I have published this post on my work blog https://reece.tech previously.

Intro

We are running an on premise Kubernetes cluster on Red Hat Linux 7.5 (in VMware).

The /var/lib/docker file-system is a separate partition, formatted with ext4 and we used overlay as storage provider for docker, which was recommended for earlier RHEL 7 releases.

What happened

One fine day, one of our containers started creating core dumps - about 1 GB per minute worth, resulting in /var/lib/docker (100 GB in size) to fill up in less than 90 minutes. Existing pods crashed, new pods could not pull their image or start up. We deleted the existing pods on one of the Kubernetes worker nodes manually, however the container in question migrated to a different worker and continued its mission.

Investigation

We believed there is a 10 GB size limit for each running containers by default, however this did not seem to be the case.
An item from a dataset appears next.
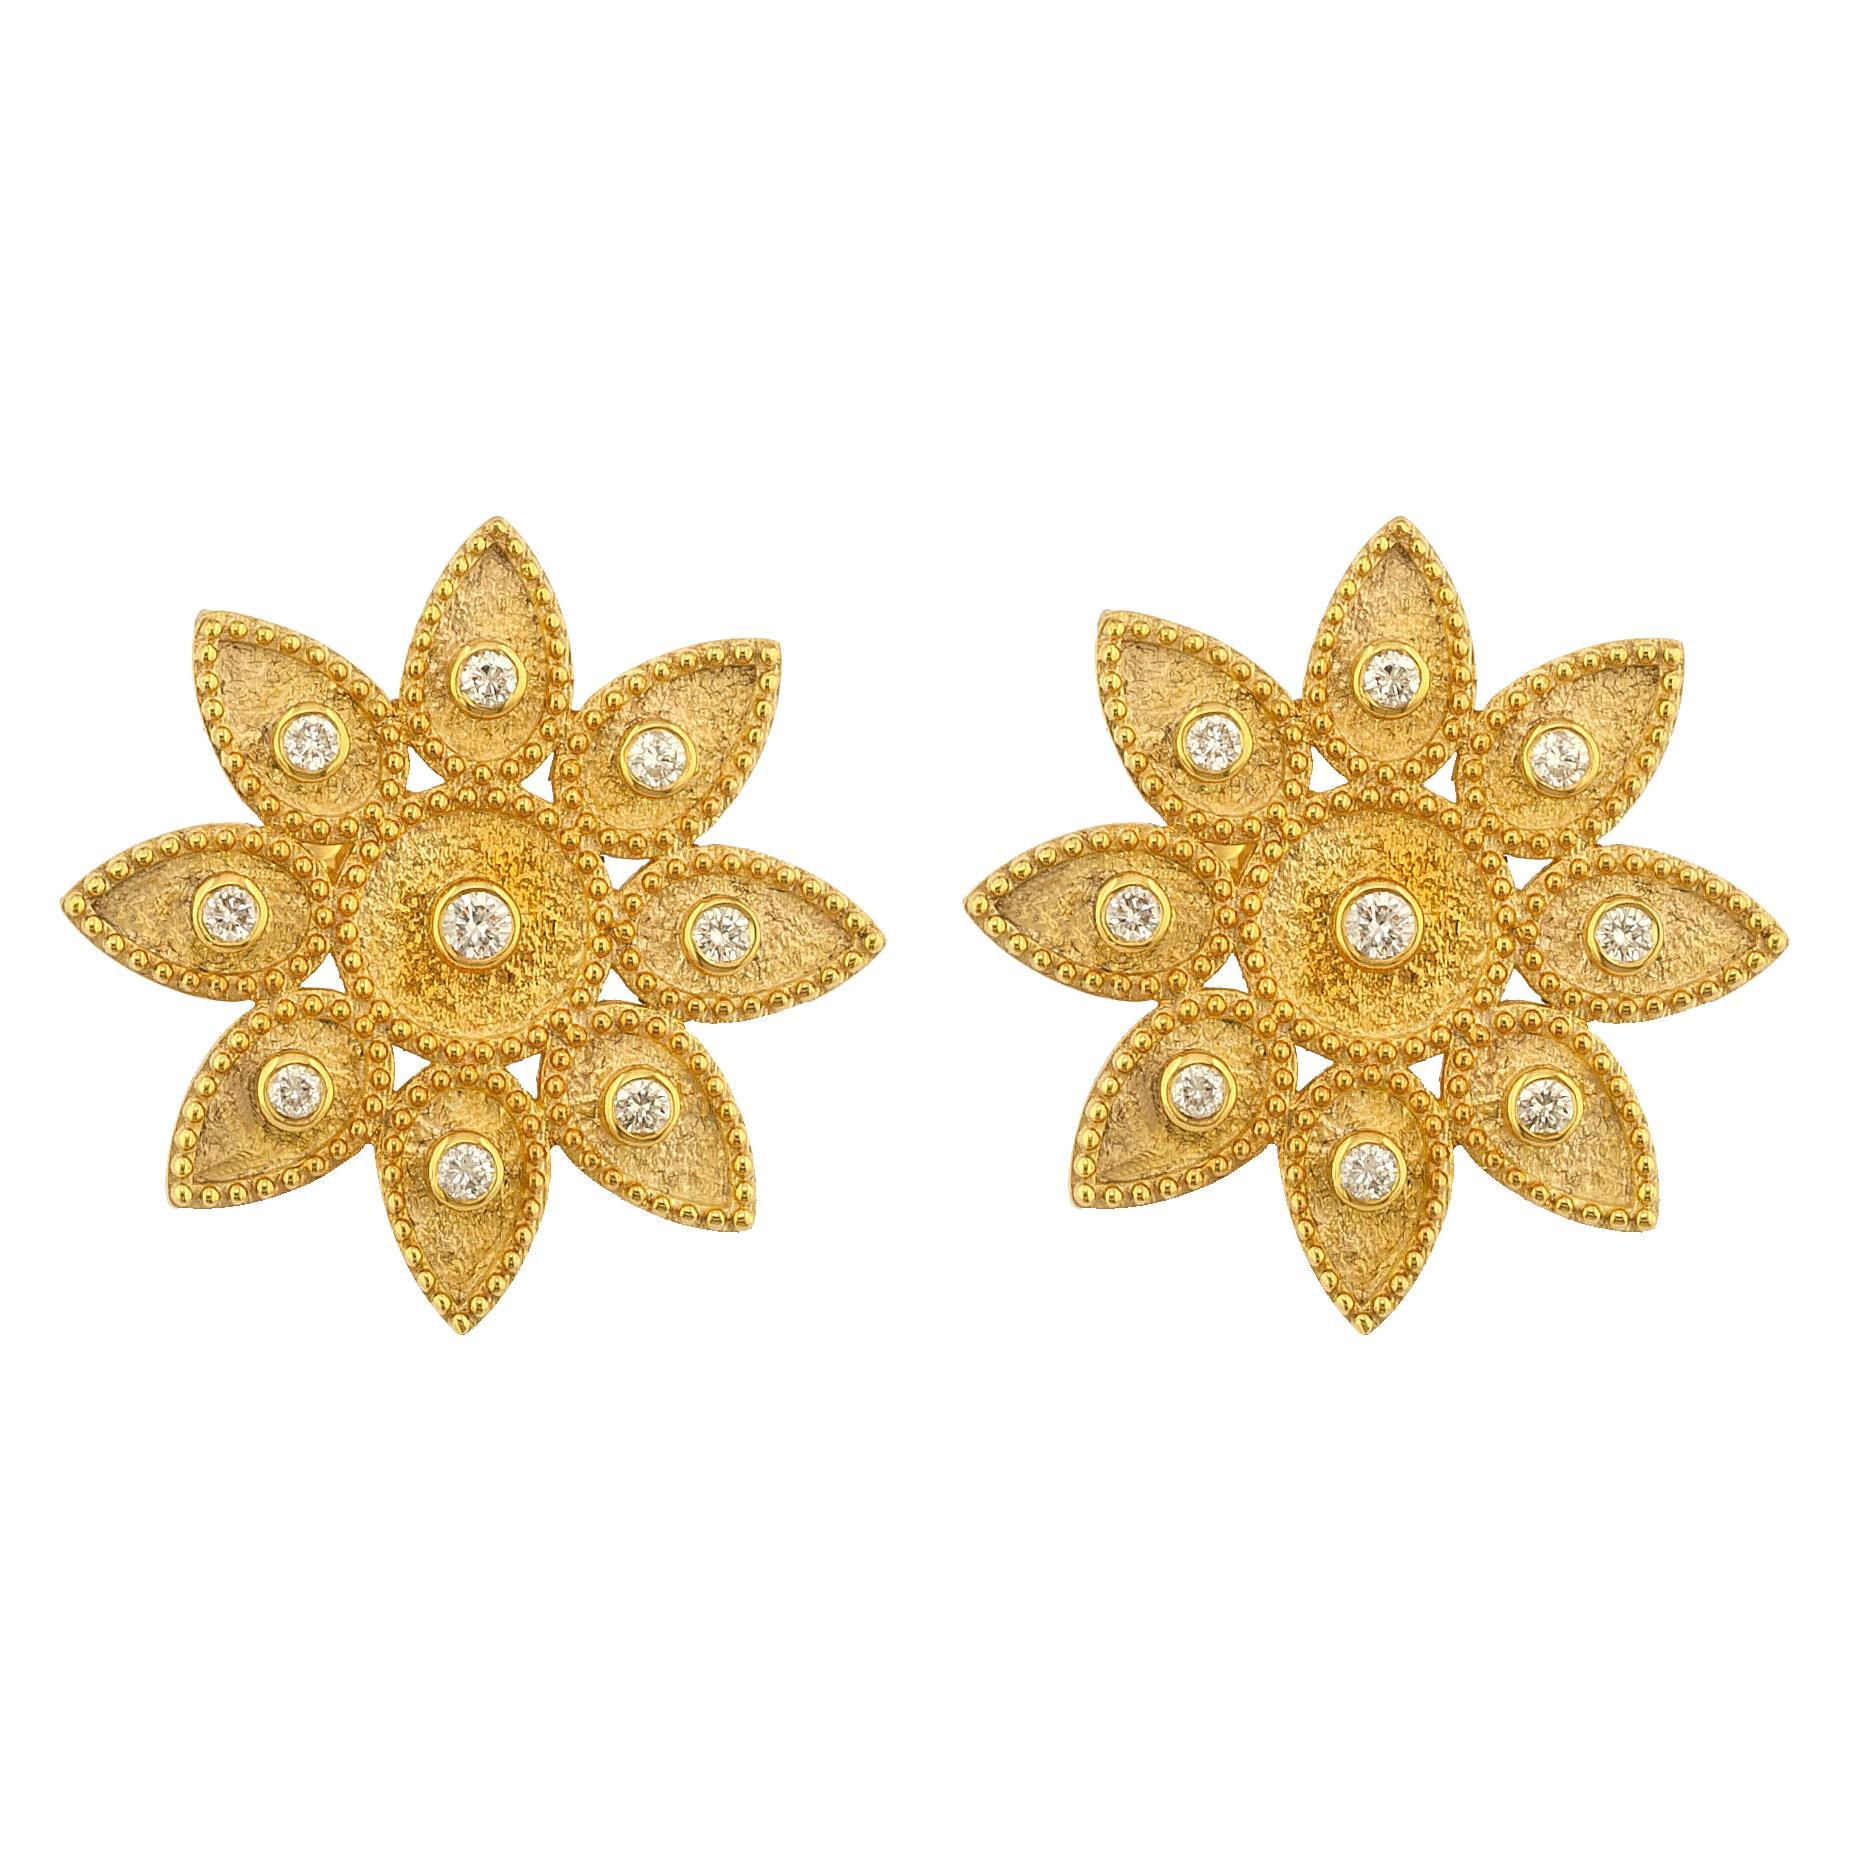 Georgios Collections 18 Karat Yellow Gold Diamond Sunburst Stud Round Earrings
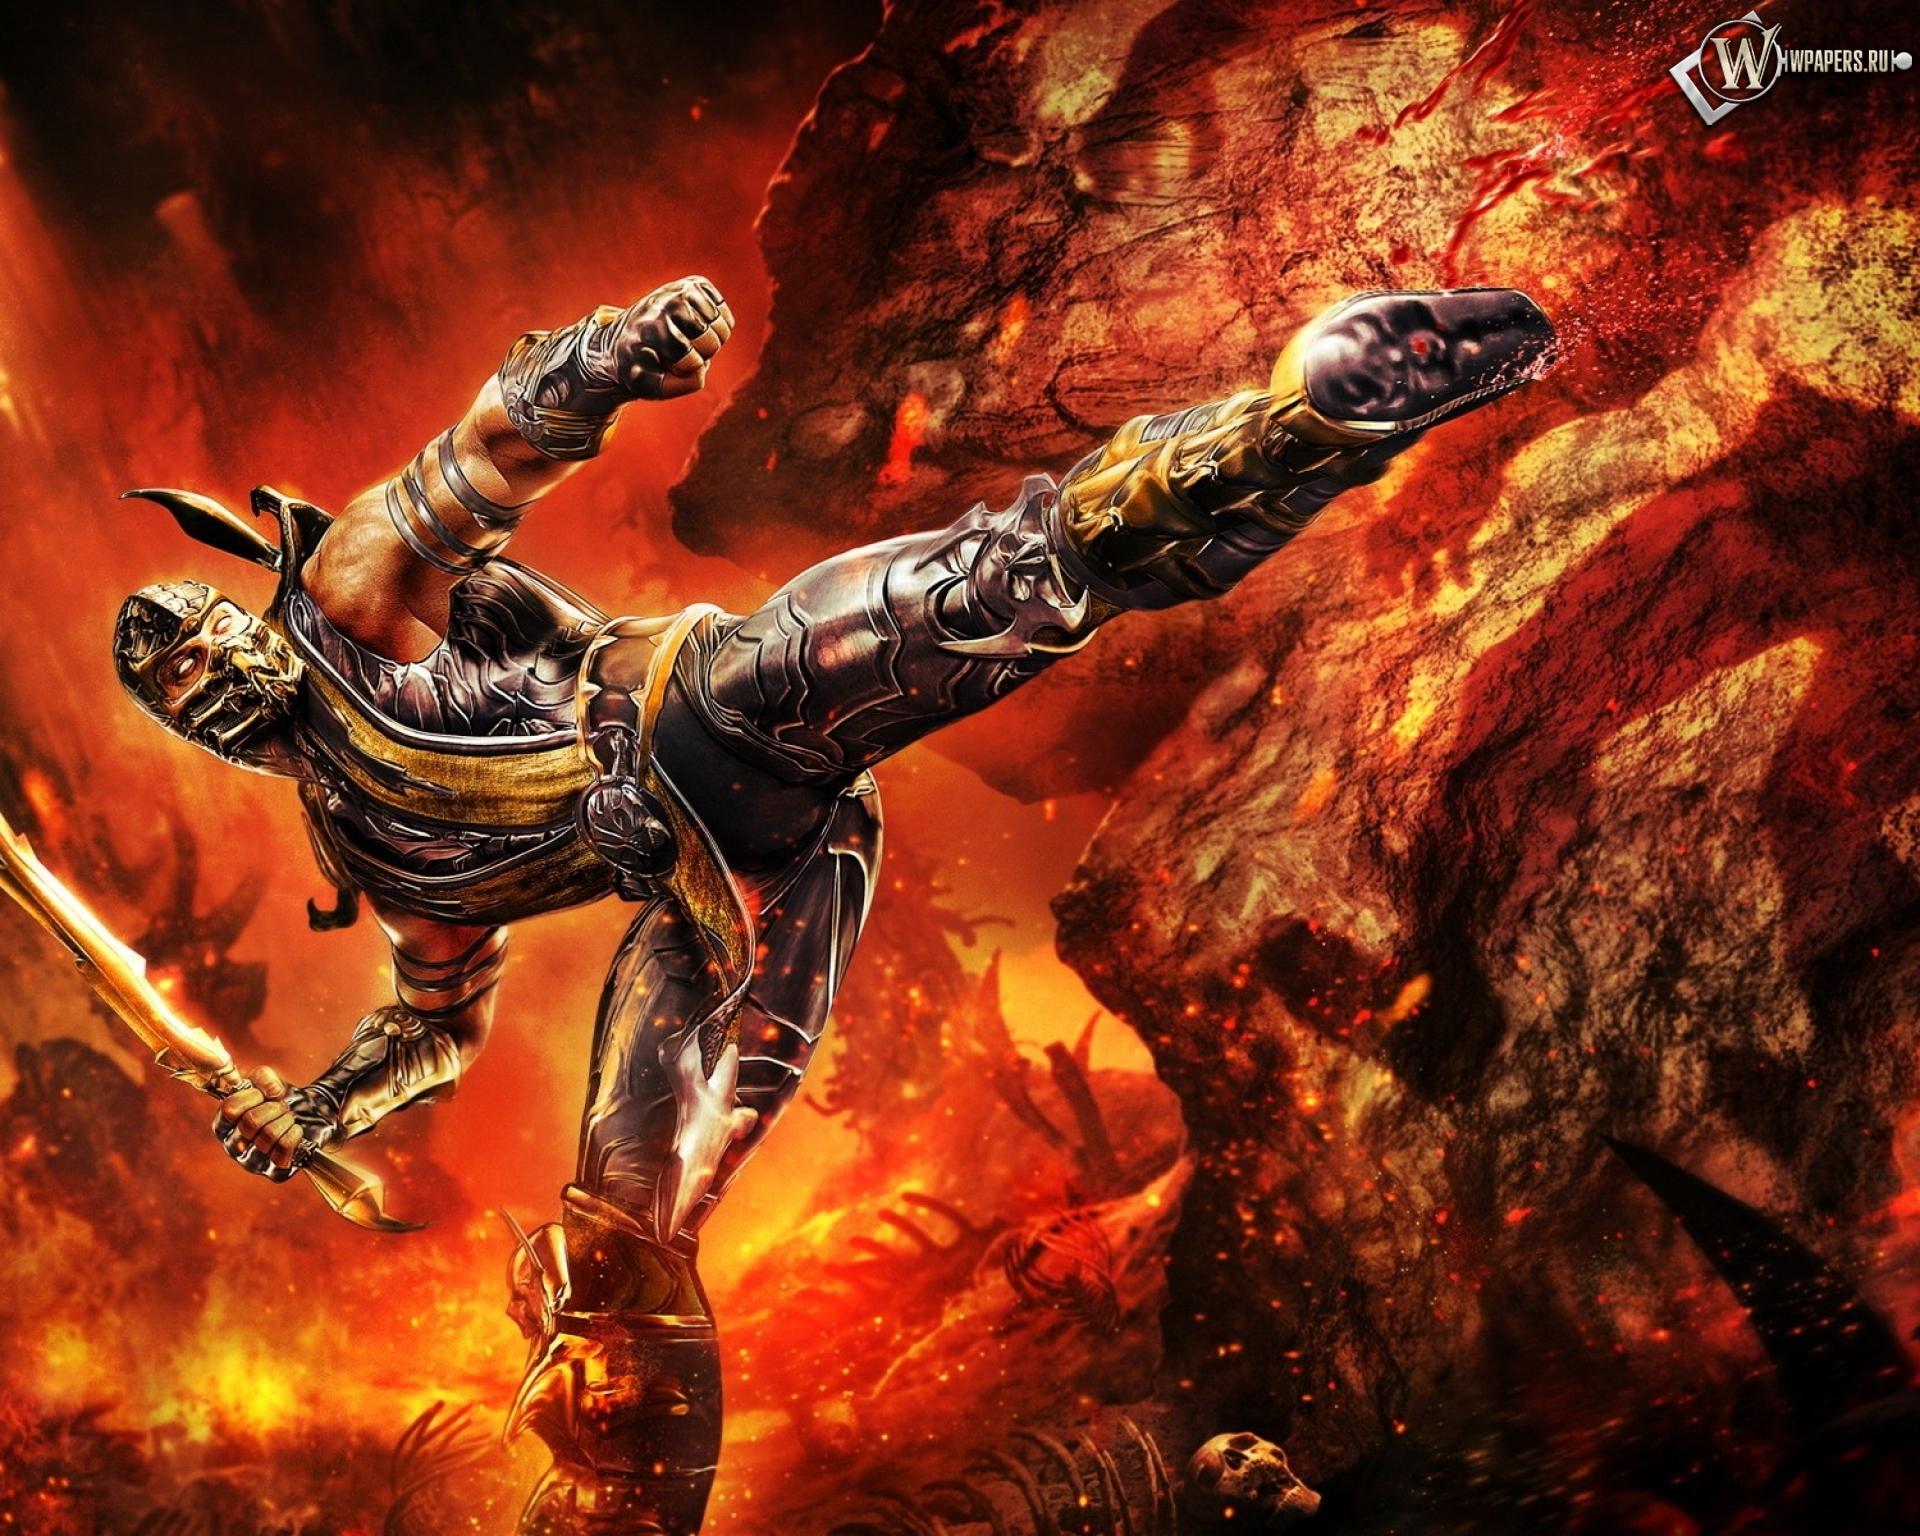 Mortal Kombat Обои На Рабочий Стол

After consulting the relevant documentation it became clear that the overlay storage driver and also use of ext4 does not support container size limits and is also not the recommended solution (anymore). At the time of writing, xfs and overlay2 are recommended, which in combination with xfs project quotas can enforce the size limit per container.

Resolution

Reformatting the disk and updating the fstab.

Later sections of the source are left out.